6. Personal health records
A recent survey from Wolters Kluwer Health found that 80 percent of patients want greater control over their own healthcare, but only 19 percent have access to a personal health record (PHRs). One effort that has garnered great enthusiasm is a movement called Open Notes that allows physicians and patients to chart their visits together and lets patients review their own health record. Despite the failures of early efforts by Microsoft and Google, many healthcare futurists expect PHRs to take off eventually.
With a well-designed PHR, you could have your entire health record embedded on your smartphone and completely portable, Givens says. "Imagine what that could do to quality of care and patient safety. I don't think ownership is the right principle for patients around their data, but access to their data in a portable manner - that is coming, that is going to happen."
In a recent study published in the Journal of Medical Internet Research, researchers from the John Hopkins University's Department of Health Policy and Management, the National Cancer Institute, and The Ohio State University predicted that adoption of PHRs would increase to the point where 75 percent of adults will use a PHR by 2020. "Personal health records (PHRs) offer a tremendous opportunity to generate consumer support in pursing the triple aim of reducing costs, increasing access, and improving care quality," the authors wrote. "Moreover, surveys in the U.S. indicate that consumers want Web-based access to their medical records. However, concerns that consumers' low health information literacy levels and physicians' resistance to sharing notes will limit PHRs' utility to a relatively small portion of the population have reduced both the product innovation and policy imperatives."
The next generation of EHR design
One chief complaint about today's health information technology is that EHRs are not user friendly or intuitive and that doctors spend too much time doing data entry to meet insurance and regulatory requirements. Among the solutions being introduced are speech recognition technology and services such as Augmedix's, which uses Google Glass and a remote scribe to allow doctors to eliminate the distraction of entering information into a patient's EHR on the computer. (Google Glass is an internet-connected headgear, which looks and feels like a pair of eyeglasses. A thumbnail-sized screen appears in the corner of the right eye of the device, which also has a camera and a microphone, allowing the physician to conduct hands-free data entry).

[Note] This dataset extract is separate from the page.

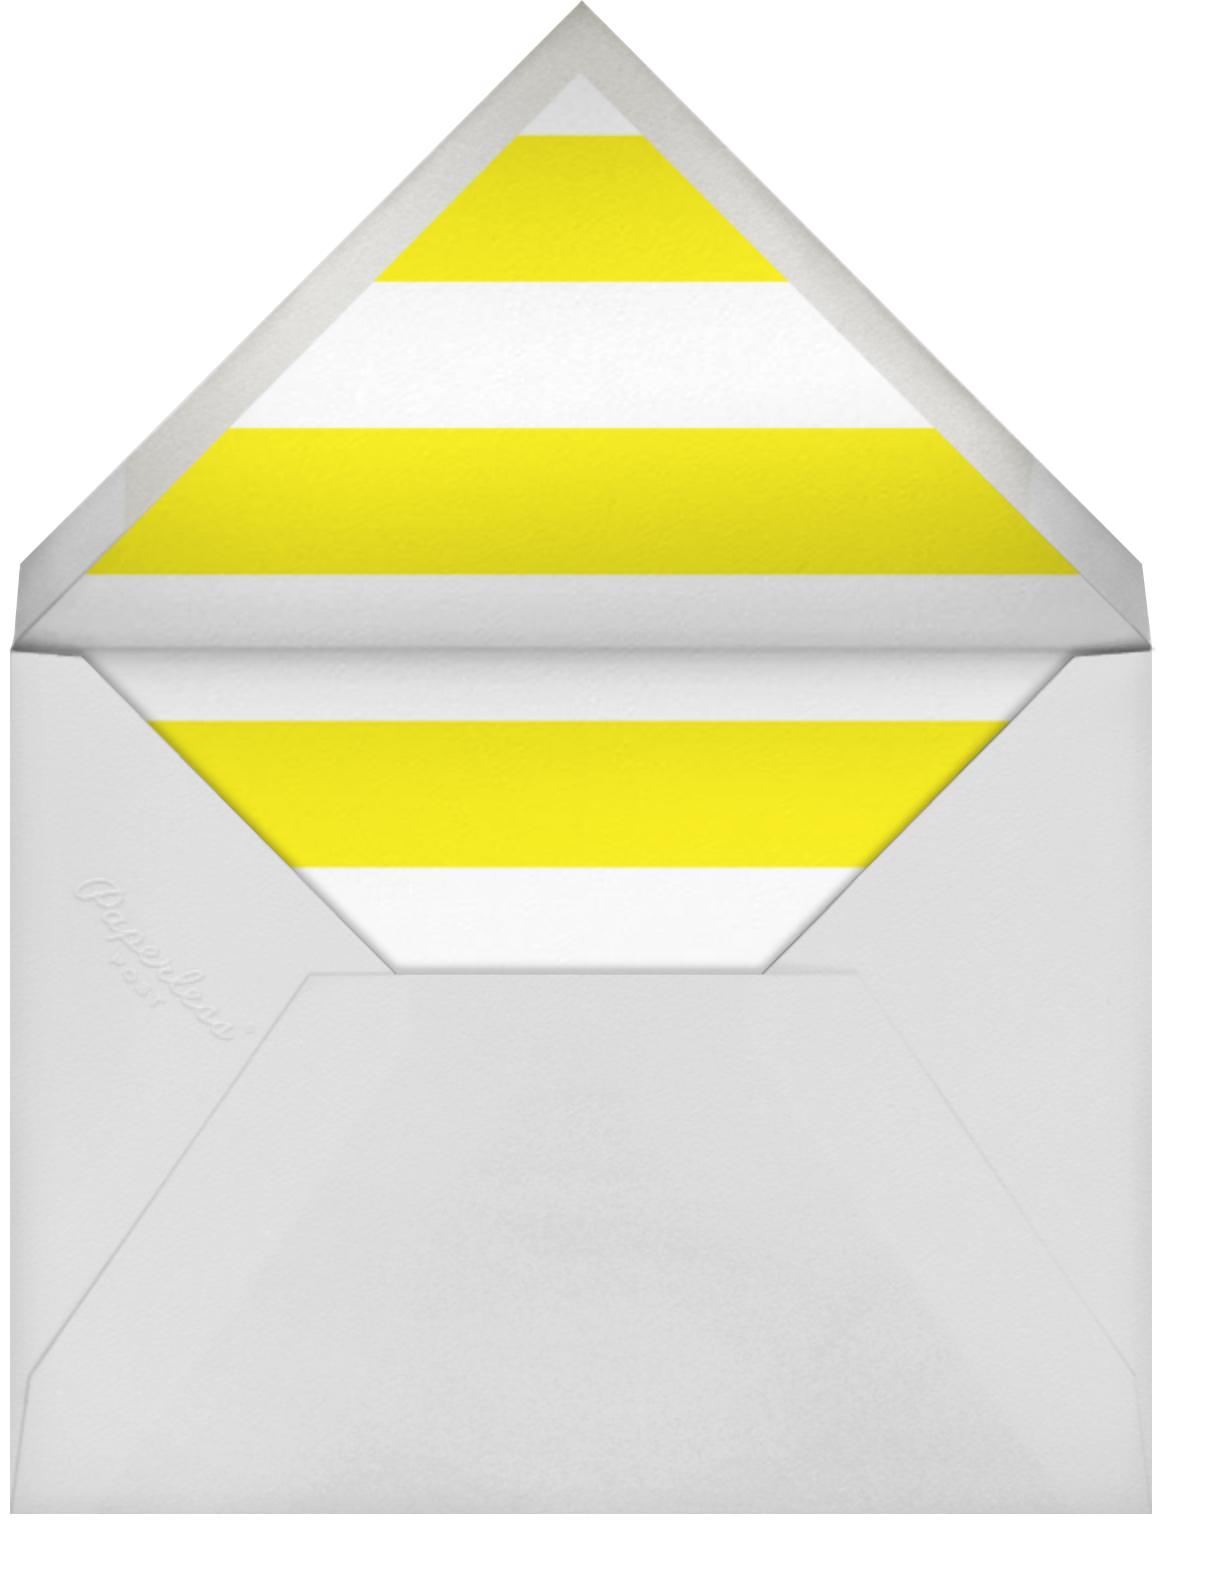 Balloon Birthday (Photo) - Yellow - kate spade new york - Kids' birthday - envelope back

So looking 10 years into the future, will EHR design become more user friendly and have the interoperability long promised by the industry? Todd Evenson, chief operating officer of the Medical Group Management Association, says EHRs would have to evolve. "We can't continue to leverage physicians as data-entry personnel. They need to focus on the patient relationship," he says. "I know that people are working toward that, but until we master the process of ensuring the EHR is not just a data-entry vehicle and that we can leverage the data there to improve care for the patient, we have a long way to go."